Si vous admettez l’impossibilité d’en rester là, vous discernez la vraie question, question de principe : l’ouvrier sera-t-il maître de son lendemain ?

La question ne se pose pas très durement dans les petits métiers, surtout quand on les exerce dans des localités de moyenne étendue. Où chacun se connaît, les mœurs établissent d’elles-mêmes un minimum d’ordre et de paix. Ces rigueurs anarchiques sont adoucies en fait. Elles se font sentir, en toute leur violence, dans les vastes agglomérations de grande industrie, où des milliers d’ouvriers embauchés individuellement occupent une place qui vaut parfois de gros salaires, mais ne l’occupent que par chance, pour un jour. Rien qui la garantisse. Ceux qui la perdent, perdent exactement tout ce qu’ils ont. S’ils n’ont rien épargné, il leur reste à tendre la main.

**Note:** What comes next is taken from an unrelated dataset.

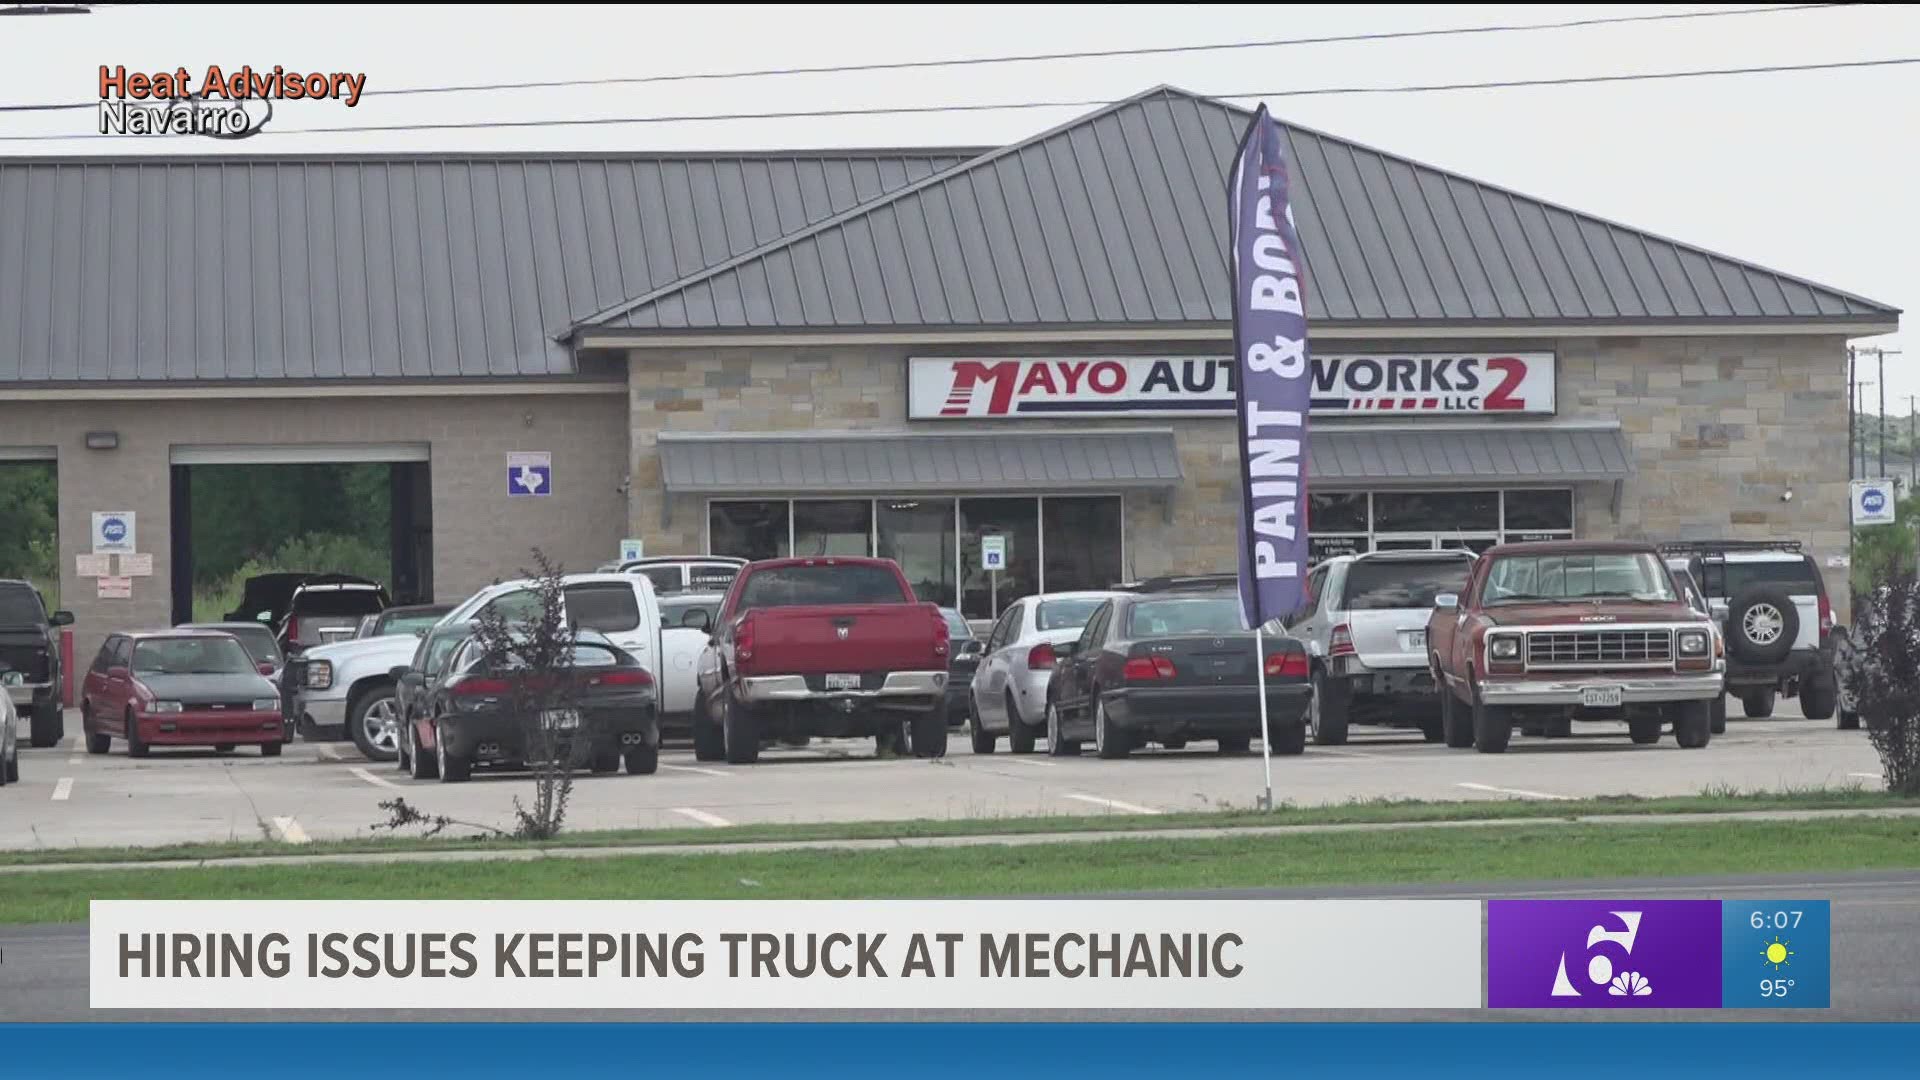 A Killeen woman has been waiting a month to get her truck fixed, and 6 News found out it's due in part to a staffing issues.

Mais là-dessus s’élèvent les voix que nous connaissons :

— Tant pis ! C’était à eux… ! C’était leur affaire, quand ils gagnaient beaucoup. Chacun doit « s’arranger », etc.

On s’arrange en effet, et comme on peut. C’est un fait que l’ouvrier ne peut guère ou ne sait guère économiser. Mais, puisqu’on lui prêche de s’arranger, c’est un autre fait qu’il s’arrange en s’associant, en se coalisant avec les camarades. Son système d’arrangement est de demander, par la coalition et la grève, les plus gros salaires possibles, soit en vue de l’épargne, soit pour d’autres desseins. On n’a pas à lui demander lesquels : c’est son affaire, c’est sa guerre. Oui. La guerre de classes naîtra toutes les fois qu’une classe parlera du devoir des autres au lieu d’examiner si elle fait le sien.

Au lieu de se figurer tout ouvrier paresseux, agité, dissipateur, ivrogne, qu’on se représente un ouvrier normal, ni trop laborieux, ni trop mou, levant le coude à l’occasion, mais non alcoolique, la main large, non pas percée ; qu’on l’imagine ayant à faire vivre une femme et des enfants : je demande si ce prolétaire ainsi fait peut admettre facilement que son avenir ne dépende que de la bonté d’un bon monsieur, même très bon, ou des largesses d’une compagnie qui peut du jour au lendemain le rayer de ses effectifs ? Si l’on ne laisse à cet ouvrier normal d’autres ressources que d’épargner sur de gros salaires instables, ne l’oblige-t-on pas dès lors, en conscience, au nom même de ses devoirs de père et d’époux, à se montrer, devant l’employeur, exigeant jusqu’à l’absurdité, jusqu’à la folie, jusqu’à la destruction de son industrie nourricière ? Songez que, seule, l’exigence lui assure son lendemain.

Situation sans analogie dans l’histoire. Le serf avait sa glèbe et l’esclave son maître. Le prolétaire ne possède pas sa personne, n’étant pas assuré du moyen de l’alimenter. Il est sans « titre », « sans état ». Il est sauvage, il est nomade. On peut souffrir de ce qu’il souffre. Mais plus que lui, en souffre la société elle-même. On comprend la question ouvrière quand on a bien vu qu’elle est là.

L’Action française, 30 juillet 1908.